The overall project throughput has increased from about 28,000 transactions per second to 42,000. Therefore, performance has increased by about 300 percent. Also, the AvgCompare element, which performs a join between the AvgShort and AvgLong results, is now using about 100 percent of its CPU utilization. However, the project is already using 700 percent of CPU meaning that your system requires at least seven cores (hardware threads) to accommodate the current project setup.

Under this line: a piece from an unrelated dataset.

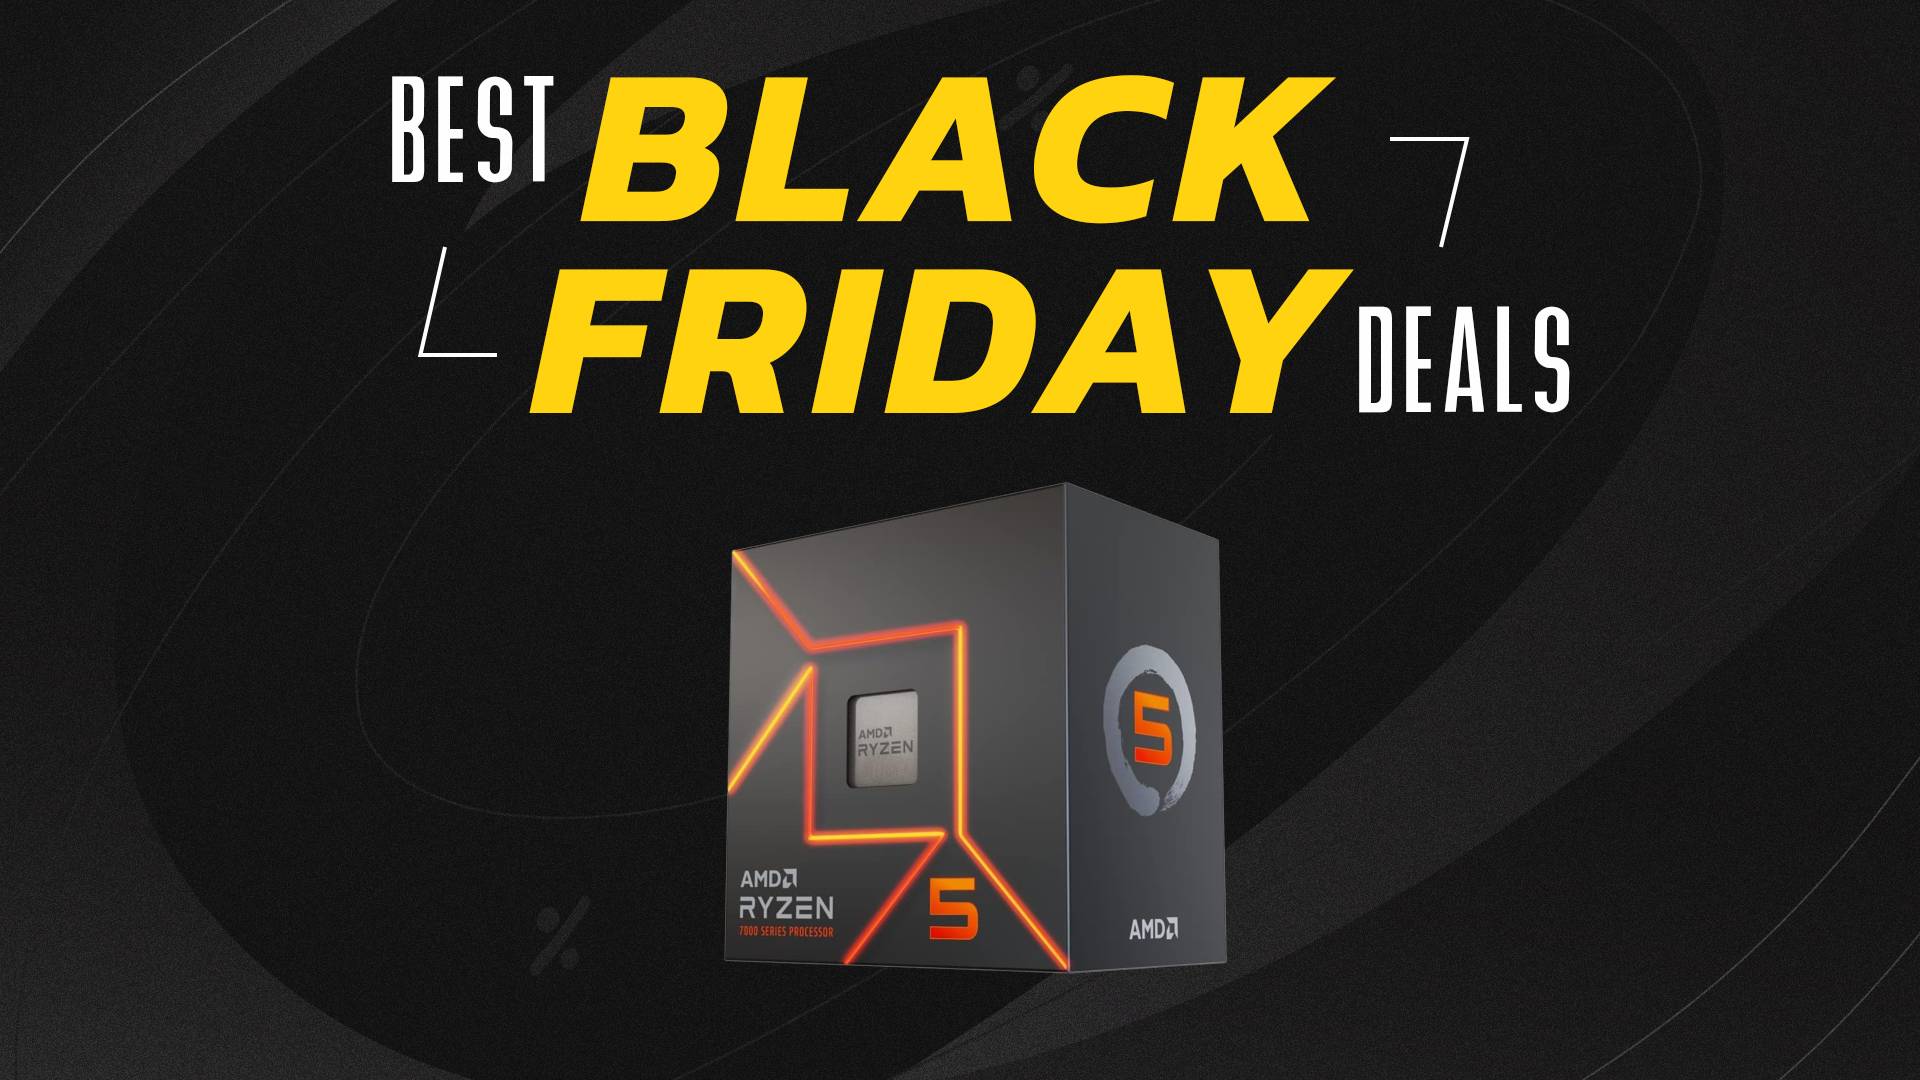 Ryzen 5 7600 plummets to lowest-ever price in early Black Friday

In production environments, the number of CPU cores may be higher as context switches introduce additional, nonnegligible overhead.

Stop the project.
Partition the AvgCompare element using HASH partitioning for both input windows of the AvgCompare element (AvgShort and AvgLong).

Save, recompile, and restart the project.

Here is a sample of the esp_monitor output once the AvgCompare element has been partitioned:

<_ESP_Streams_Monitor ESP_OPS="u"  stream_name="Feed" target="Feed" cpu_pct="63.960400" trans_per_sec="55063.000000"…
<_ESP_Streams_Monitor ESP_OPS="u"  stream_name="AvgShort_Feed" target="AvgShort_Feed" cpu_pct="67.080400" trans_per_sec="55414.000000"…
<_ESP_Streams_Monitor ESP_OPS="u"  stream_name="AvgShort.1" target="AvgShort.1" cpu_pct="88.920500" trans_per_sec="27194.000000"…
<_ESP_Streams_Monitor ESP_OPS="u"  stream_name="AvgShort.2" target="AvgShort.2" cpu_pct="92.040600" trans_per_sec="28155.000000"…
<_ESP_Streams_Monitor ESP_OPS="u"  stream_name="AvgShort" target="AvgShort" cpu_pct="45.240300" trans_per_sec="55346.000000"…
<_ESP_Streams_Monitor ESP_OPS="u"  stream_name="AvgLong_Feed" target="AvgLong_Feed" cpu_pct="26.520200" trans_per_sec="54978.000000"…
<_ESP_Streams_Monitor ESP_OPS="u"  stream_name="AvgLong.1" target="AvgLong.1" cpu_pct="53.040300" trans_per_sec="15106.000000"…
<_ESP_Streams_Monitor ESP_OPS="u"  stream_name="AvgLong.2" target="AvgLong.2" cpu_pct="73.320500" trans_per_sec="16461.000000"…
<_ESP_Streams_Monitor ESP_OPS="u"  stream_name="AvgLong.3" target="AvgLong.3" cpu_pct="35.880200" trans_per_sec="11683.000000"…
<_ESP_Streams_Monitor ESP_OPS="u"  stream_name="AvgLong.4" target="AvgLong.4" cpu_pct="14.040100" trans_per_sec="10816.000000"…
<_ESP_Streams_Monitor ESP_OPS="u"  stream_name="AvgLong" target="AvgLong" cpu_pct="45.240300" trans_per_sec="53577.000000"…
<_ESP_Streams_Monitor ESP_OPS="u"  stream_name="AvgCompare_AvgShort" target="AvgCompare_AvgShort" cpu_pct="40.560300" trans_per_sec="55346.000000"…
<_ESP_Streams_Monitor ESP_OPS="u"  stream_name="AvgCompare_AvgLong" target="AvgCompare_AvgLong" cpu_pct="39.000300" trans_per_sec="53585.000000"…
<_ESP_Streams_Monitor ESP_OPS="u"  stream_name="AvgCompare.1" target="AvgCompare.1" cpu_pct="98.280600" trans_per_sec="54077.000000"…
<_ESP_Streams_Monitor ESP_OPS="u"  stream_name="AvgCompare.2" target="AvgCompare.2" cpu_pct="96.720700" trans_per_sec="55077.000000"…
<_ESP_Streams_Monitor ESP_OPS="u"  stream_name="AvgCompare" target="AvgCompare" cpu_pct="65.520500" trans_per_sec="109147.000000"…

The overall project throughput has increased from about 42,000 transactions per second to 55,000. This is a significant improvement from a nonpartitioned project. The AvgCompare, AvgShort.1, and AvgShort.2 elements have the highest load in the project. You can further tune the project performance by continuing to partition elements within the project.

Note that the maximum achievable throughput of the project is limited by the maximum throughput of the nonpartitionable elements, such as the partitioner itself. See PARTITION BY Clause in the Programmers Reference guide for a list of nonpartitionable elements. Moreover, the achievable degree of partitioning highly depends on the distribution of data across partitions. In case of uneven distribution, the partition receiving the highest number of events automatically becomes a bottleneck for the project.